§ **DATA EXTRACT**
________________________

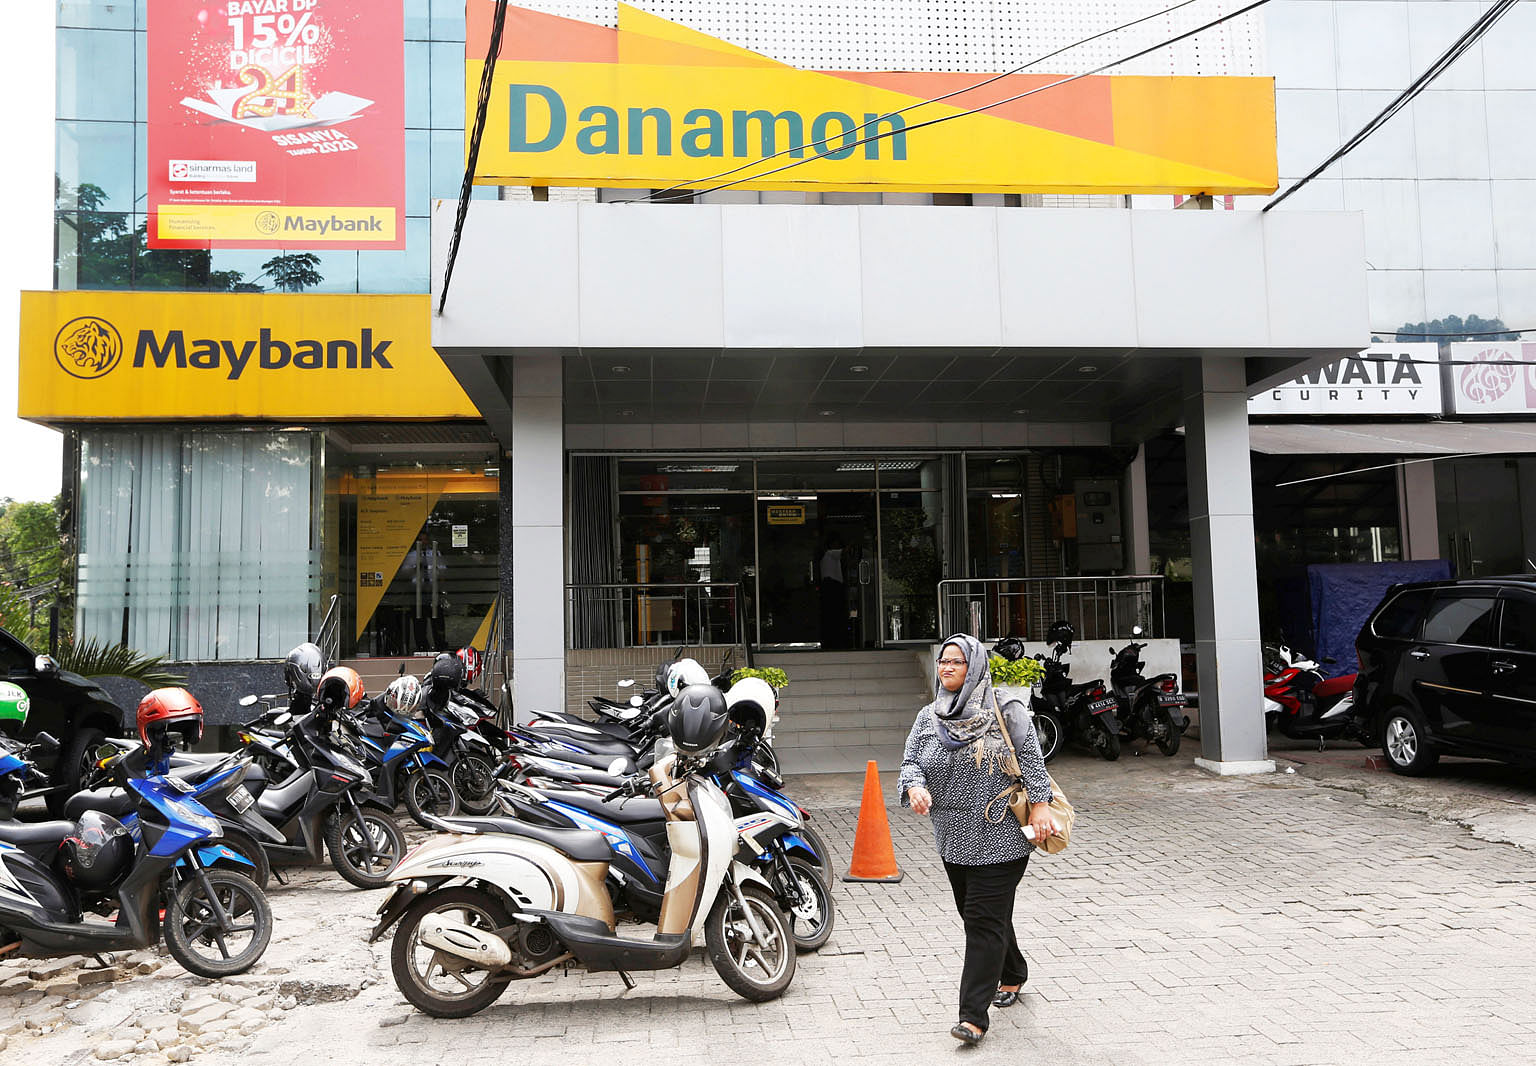 A Bank Danamon branch in Jakarta, Indonesia. Temasek Holdings plans to sell its 73.8 per cent stake in Bank Danamon to Japan's MUFG.
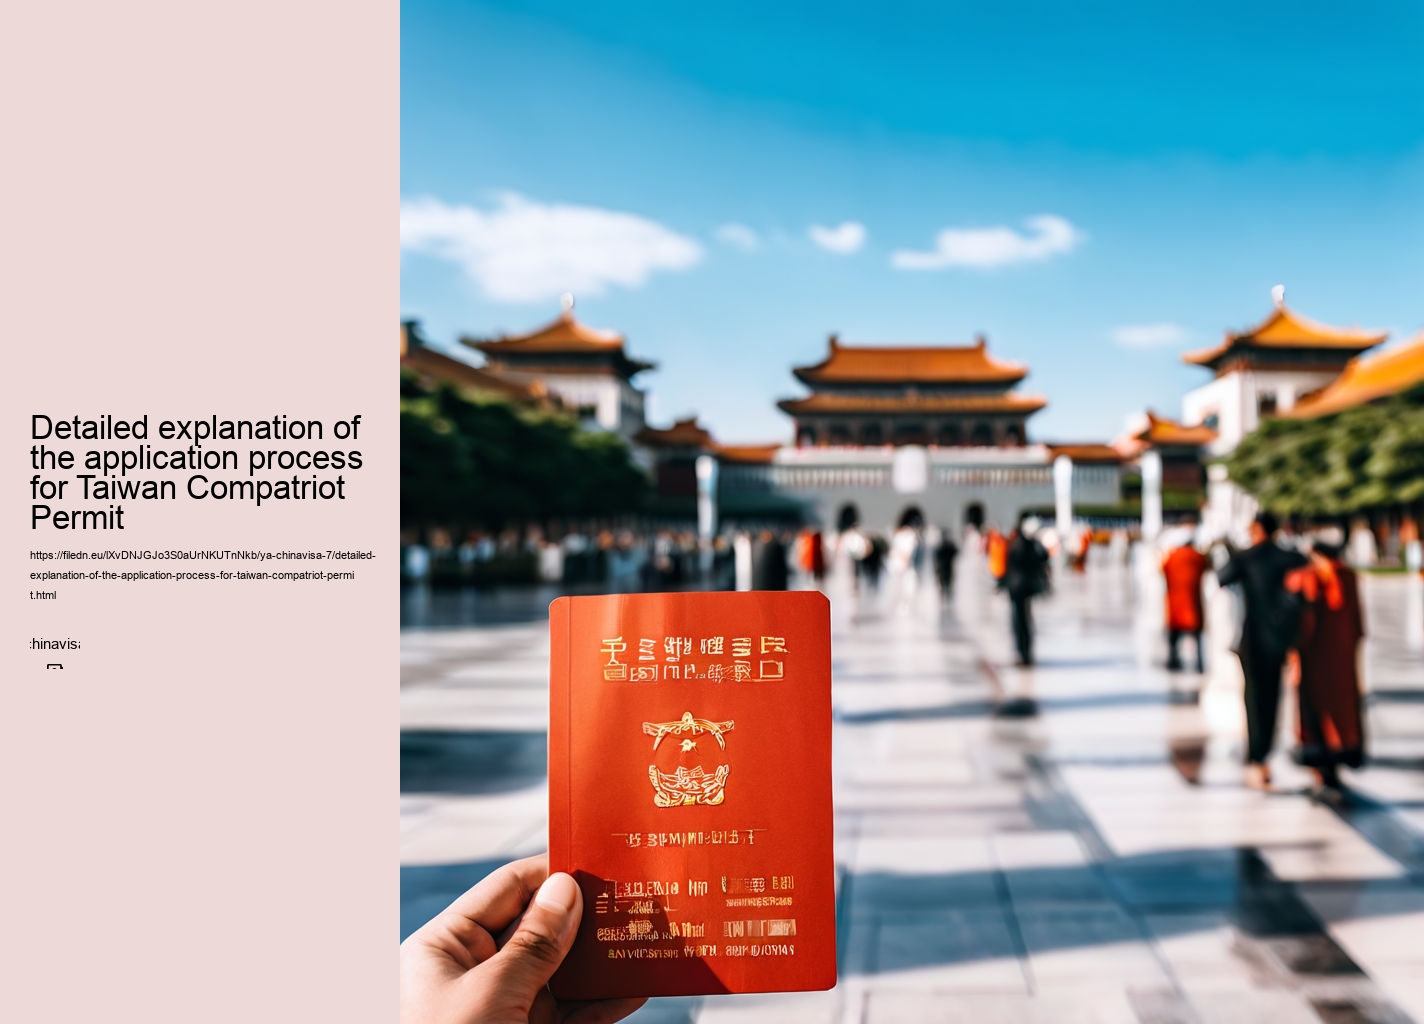 Detailed explanation of the application process for Taiwan Compatriot Permit
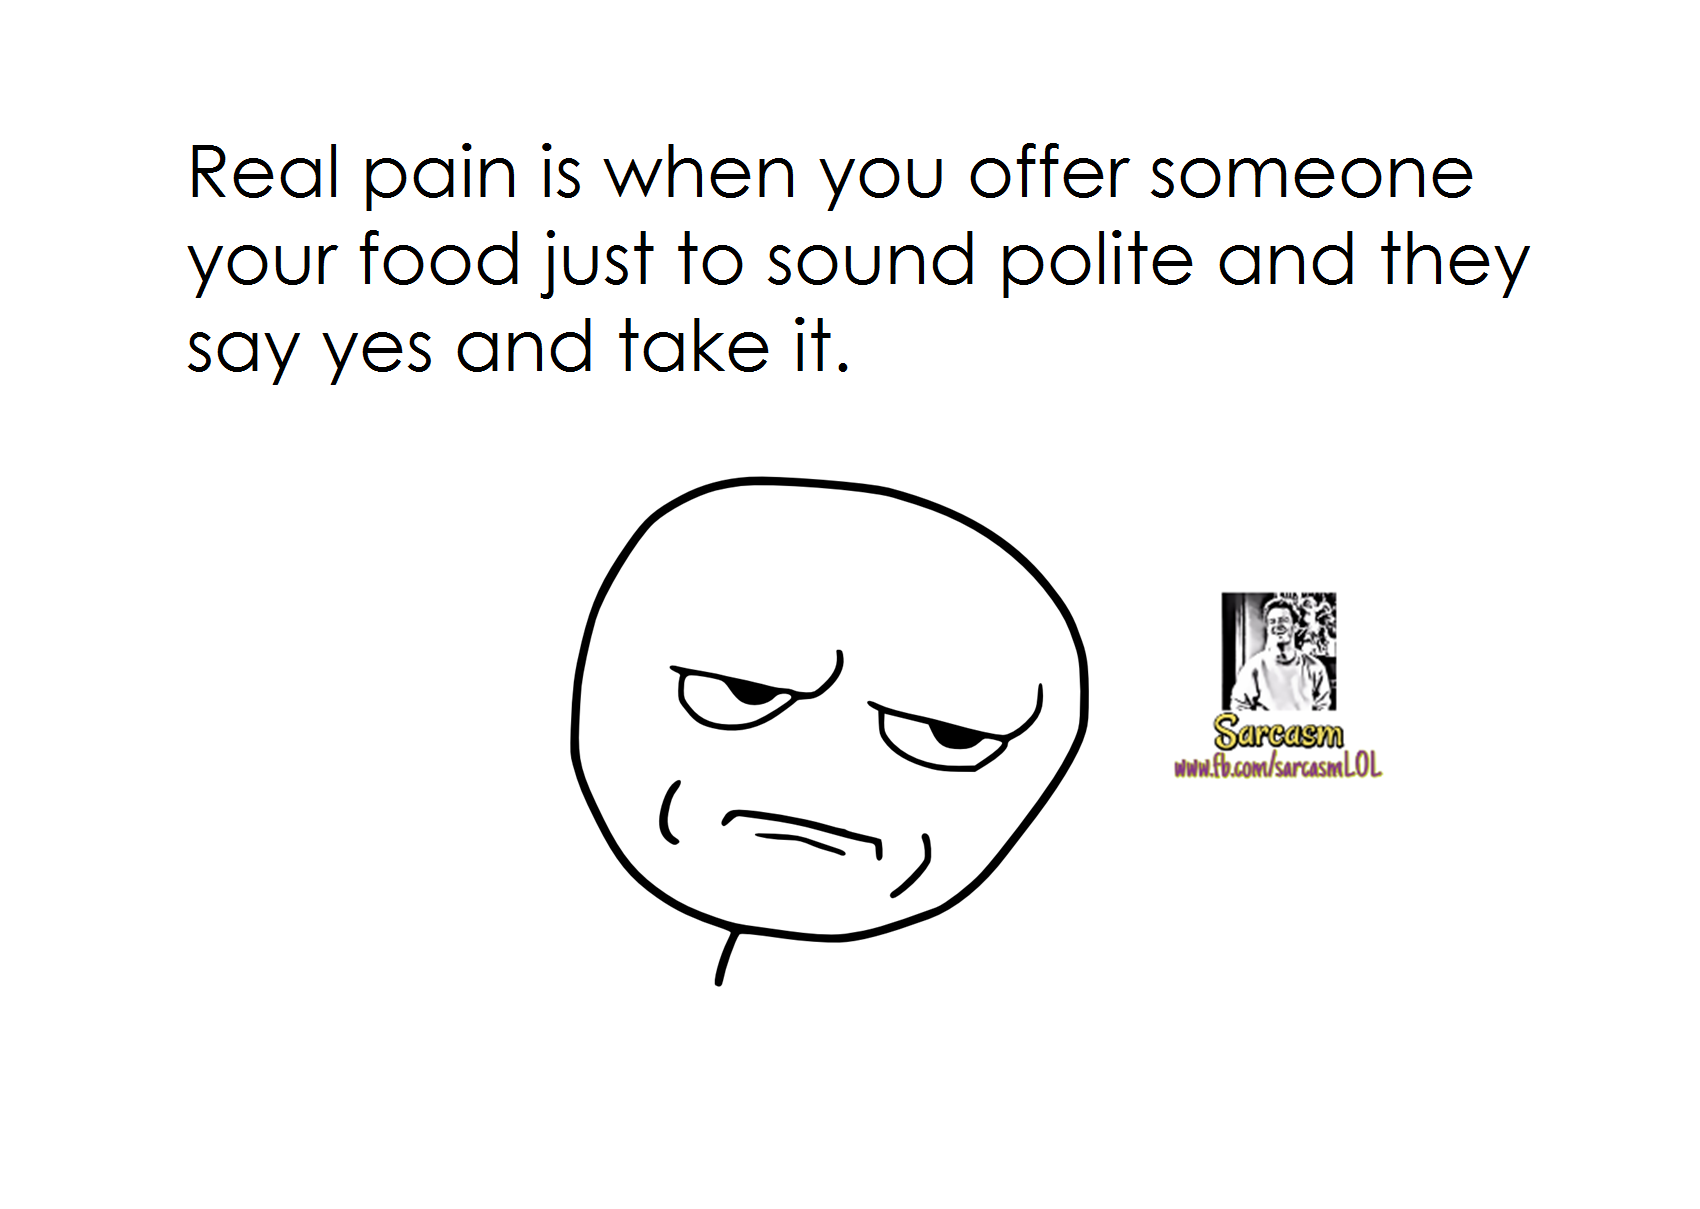 Real Pain is when you offer someone your food just to sound polite and they yes and take it.
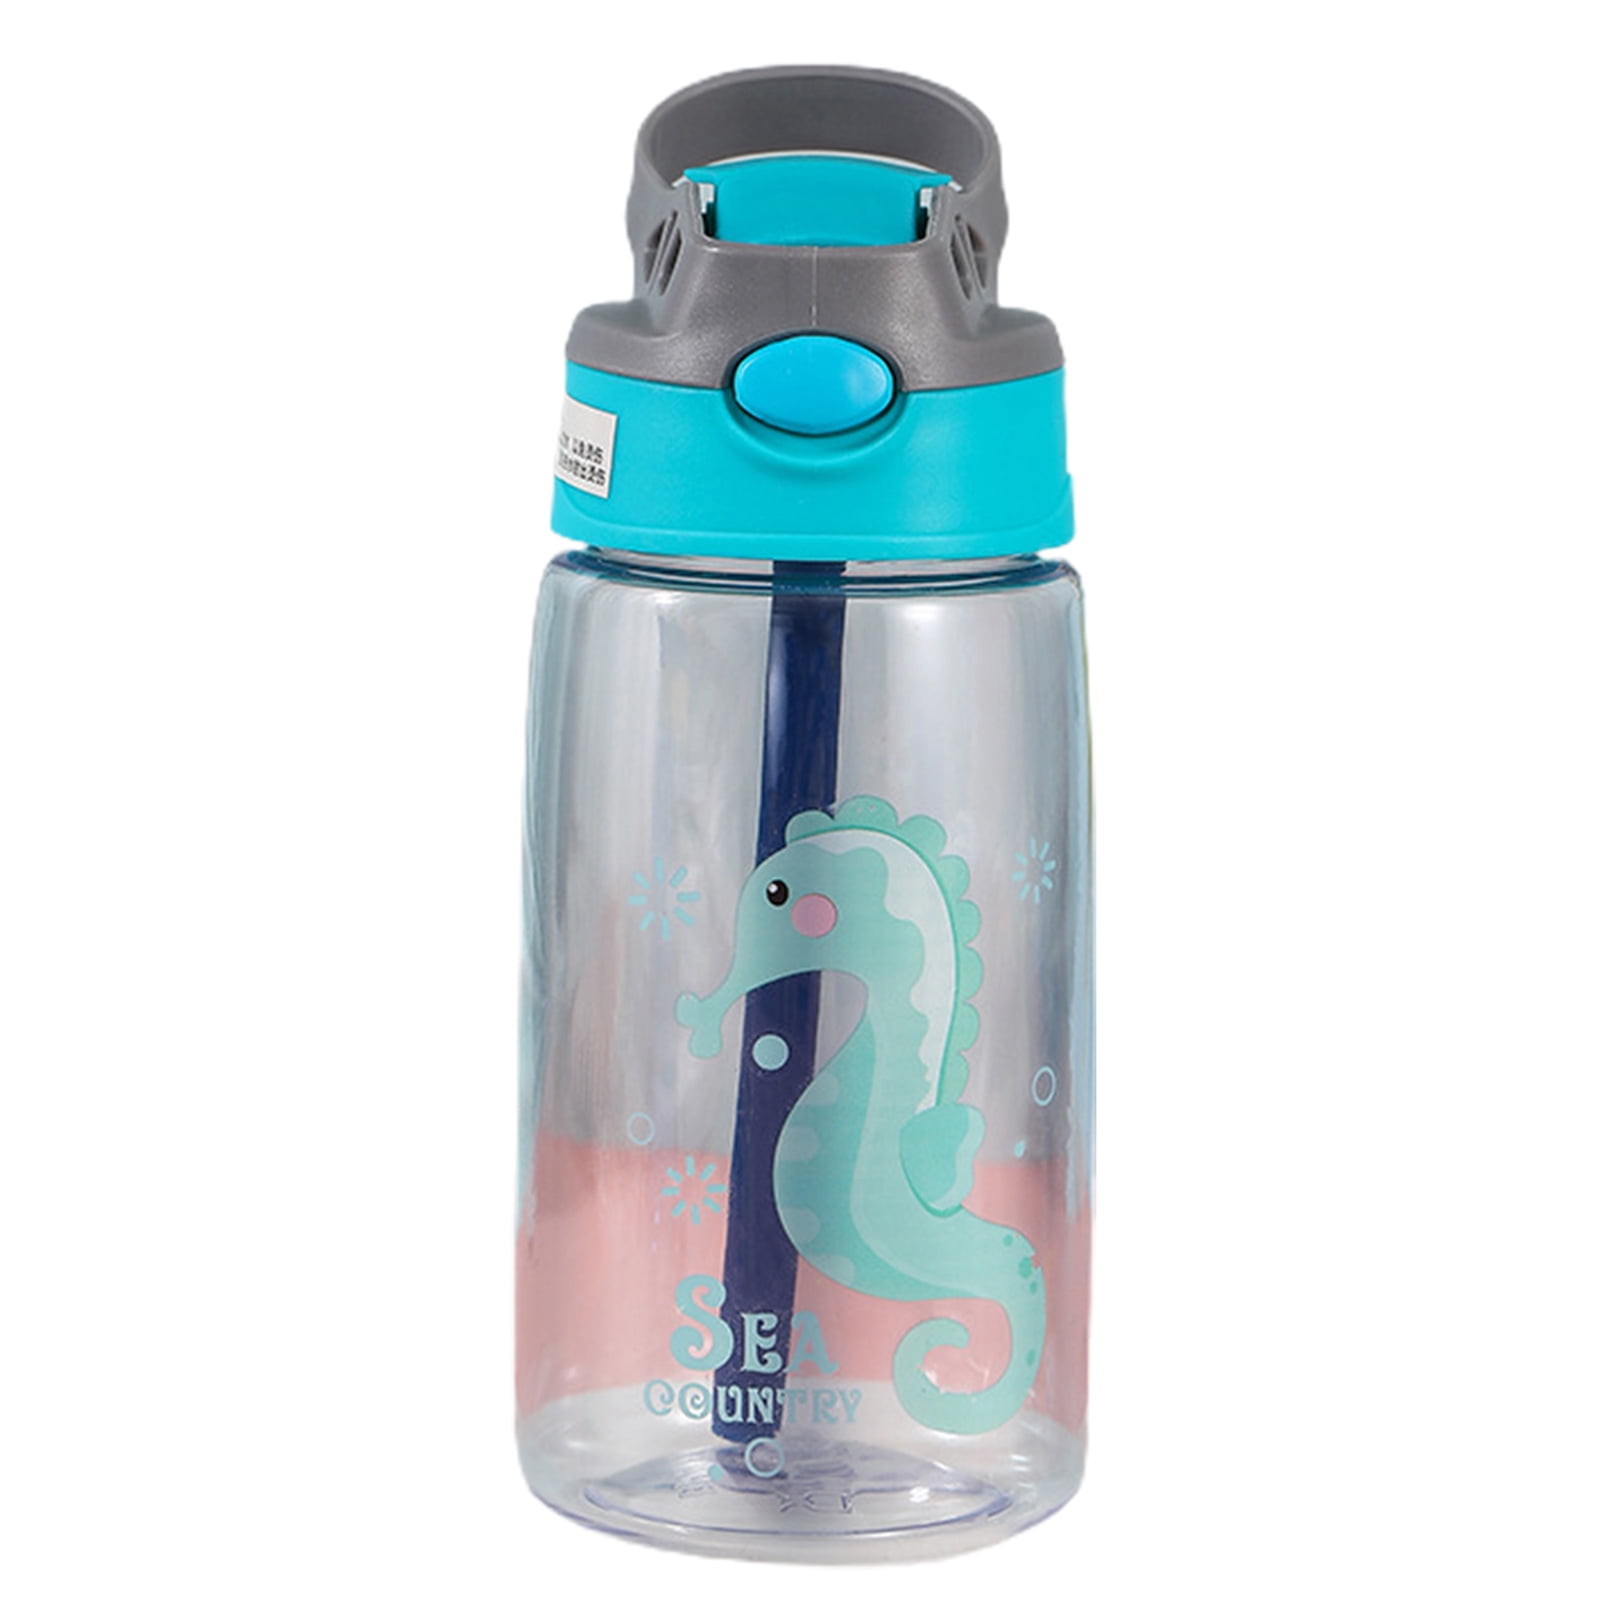 1pc 480ml Kids Water Bottle For School Boys Girls, Cup With Straw, Cute  Cartoon Leak-proof Mug, Portable Travel Drinking Tumbler,Baby feeding cup,sippy  cup

________________________

§ **WORK ITEM**
Write the lines above out again exactly, without any of their pictures.

§ **PROBLEM SOLUTION**
 A Bank Danamon branch in Jakarta, Indonesia. Temasek Holdings plans to sell its 73.8 per cent stake in Bank Danamon to Japan's MUFG.
 Detailed explanation of the application process for Taiwan Compatriot Permit
 Real Pain is when you offer someone your food just to sound polite and they yes and take it.
 1pc 480ml Kids Water Bottle For School Boys Girls, Cup With Straw, Cute  Cartoon Leak-proof Mug, Portable Travel Drinking Tumbler,Baby feeding cup,sippy  cup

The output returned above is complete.